Juicio Político en ningún momento calificó o descrito
las actividades de la aeronave, ni sus usos. Se concreto a describir los hechos,
sin colores ni juicios de valor. No especuló, investigó y presentó
la información que llevara al esclarecimiento de una gran duda, donde
especulación y descalificación son su más natural consecuencia.
Si estuviésemos en la posición del Presidente Manuel Zelaya,
o en sus terrenos imaginativos, sacaríamos muchas más conjeturas
y preguntas.
Si existen registros de entrada y salida del avión en Honduras ¿Por
qué jamás se dijo durante los últimos 12 meses? ¿Por
qué no existe una averiguación previa para perseguir los crímenes?
¿Qué ha hecho el Ministerio Público, tanto en Honduras
como en México? Más todavía, si la materia o litis principal
es el narcotráfico ¿Dónde están las ordenes de
aprehensión para el o los responsables del envío a Honduras
de dicha aeronave? Todo eso no existe, por una simple y sencilla razón
señor Zelaya, porque no existe delito.
Señor Presidente Manuel Zelaya, nadie, ni Estados ni ciudadanos, pueden
estar al margen de la ley. Si cuenta con las pruebas de que dicho aparato
está o estuvo relacionado con el crimen organizado, nuestros pueblos
tienen el derecho de saberlo. Hasta hoy, y dadas las pruebas documentales
en nuestro poder, si existen delitos, pero no de dichas proporciones. Creemos
y pensamos que los gobiernos de México y de Honduras, deberían
apresurar la aprehensión o captura del señor Mario Alberto Andrade
Mora.
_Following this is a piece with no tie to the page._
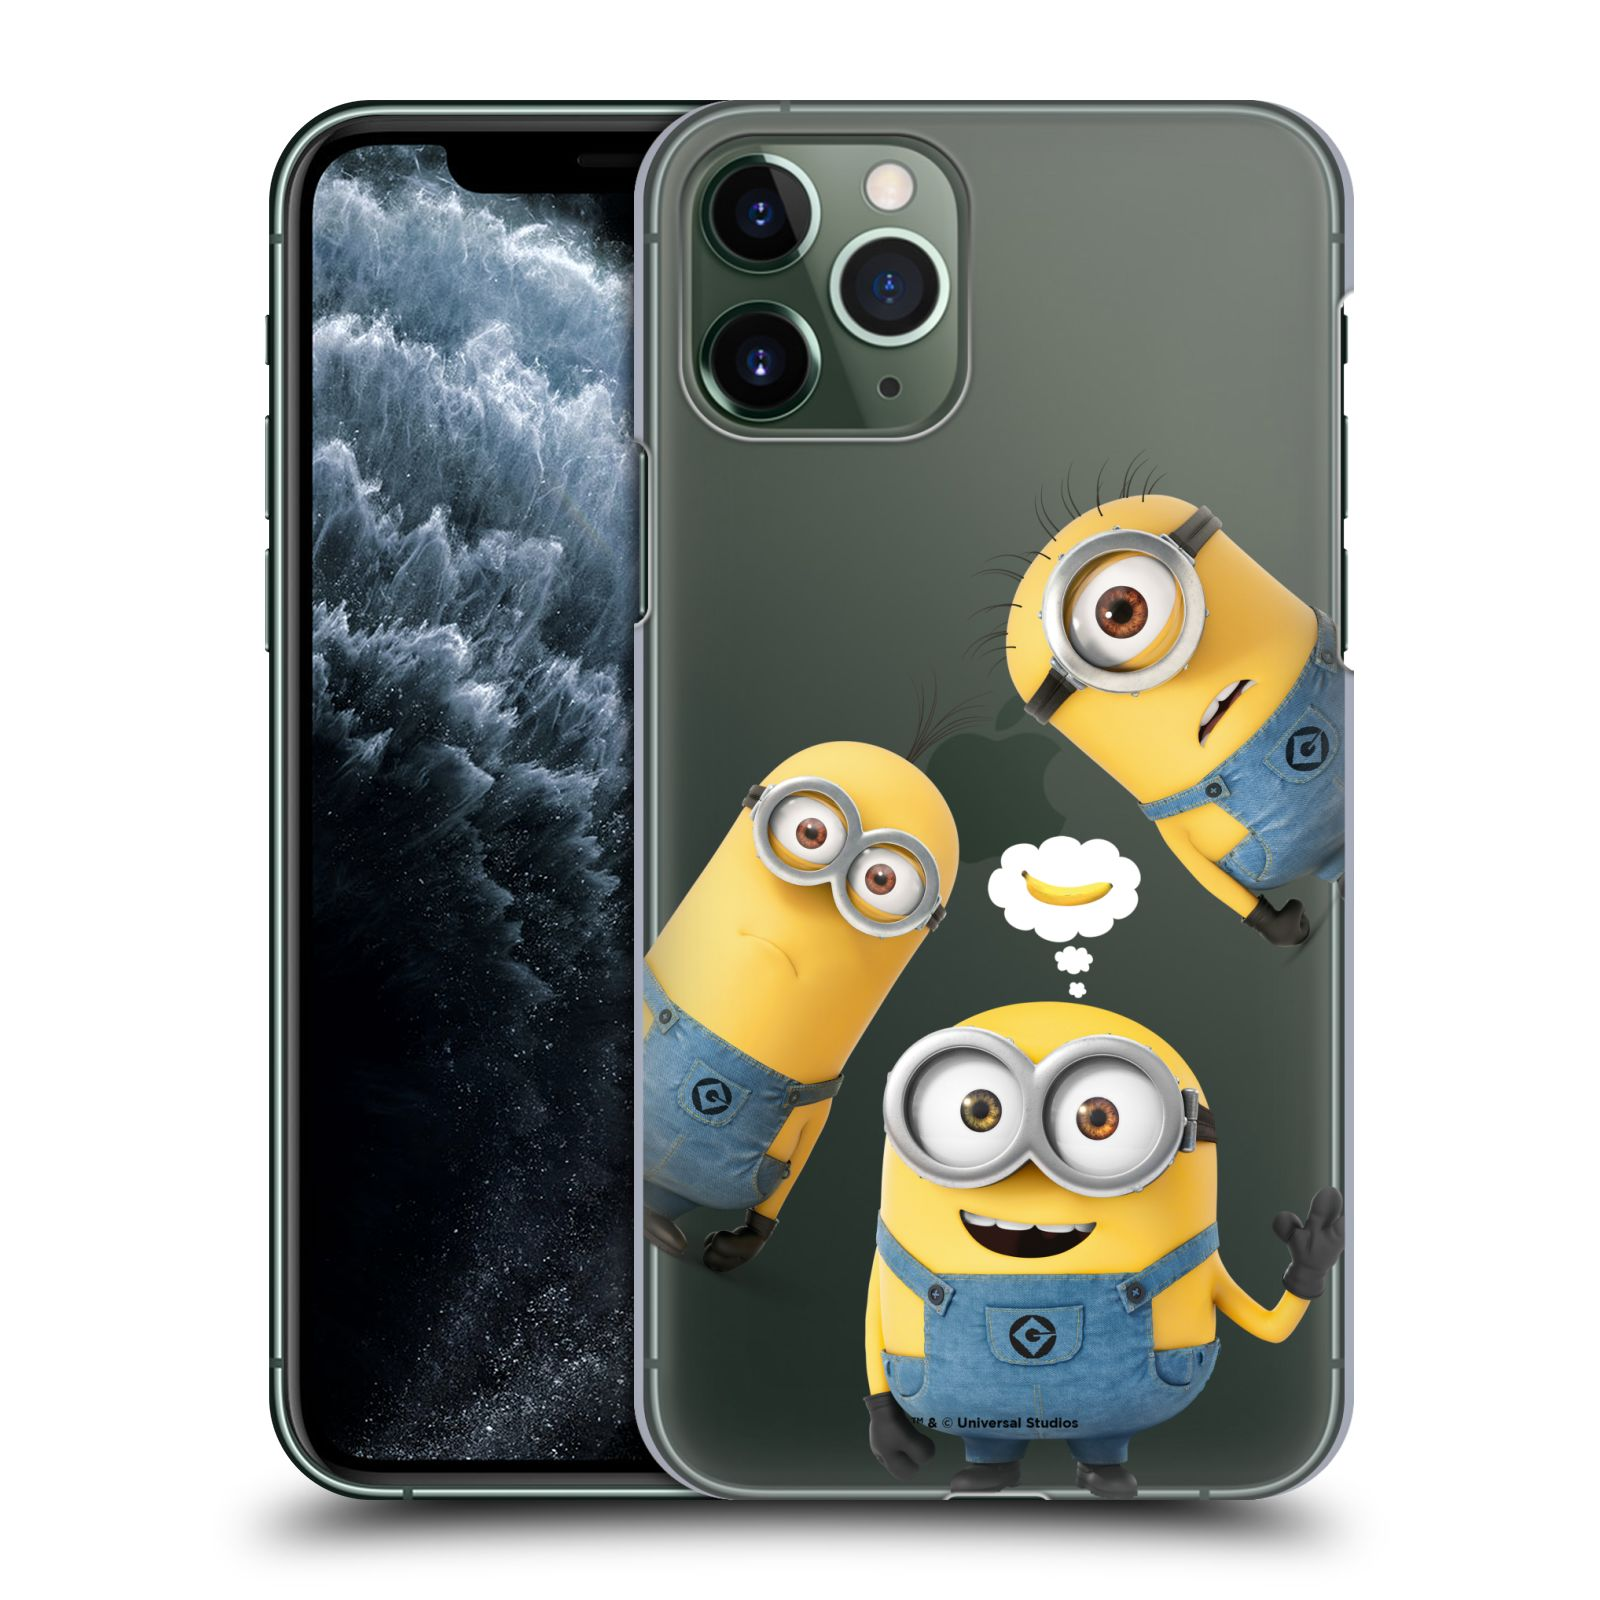 Plastové pouzdro na mobil Apple iPhone 11 Pro - Head Case - Mimoni Banana z filmu Já, padouch - Despicable Me

Primero, para que cumpla con su obligación comercial por 950
mil dólares, y después le haga frente a los múltiples
delitos que pudieran sobrevenirle.
En el caso del GRUMMAN G-II 59, dándole el privilegio de la duda a
Manuel Zelaya, comenzaremos por la parte final.
¿Quién es Mario Alberto Andrade Mora? ¿Por qué
decidió sacar el avión de México? ¿Por qué
mandarlo específicamente a la República de Honduras? ¿Tenía
contactos ahí? ¿Quiénes eran? ¿Sus visitas las
hizo en dicho avión? ¿Qué dicen los registros de migración
sobre Mario Alberto Andrade Mora? ¿Qué dicen los registros en
hoteles? ¿Uso tarjeta de crédito o lo hizo en efectivo? ¿Qué
compró en Honduras Mario Alberto Andrade Mora? ¿Tiene o tuvo
una amante o una esposa en Honduras?
Señor Presidente, los grandes crímenes como los grandes delitos,
jamás se dejan por escrito. En la historia del Grumman G II 59, hay
muchos, pero muchos nombres y mucho material escrito.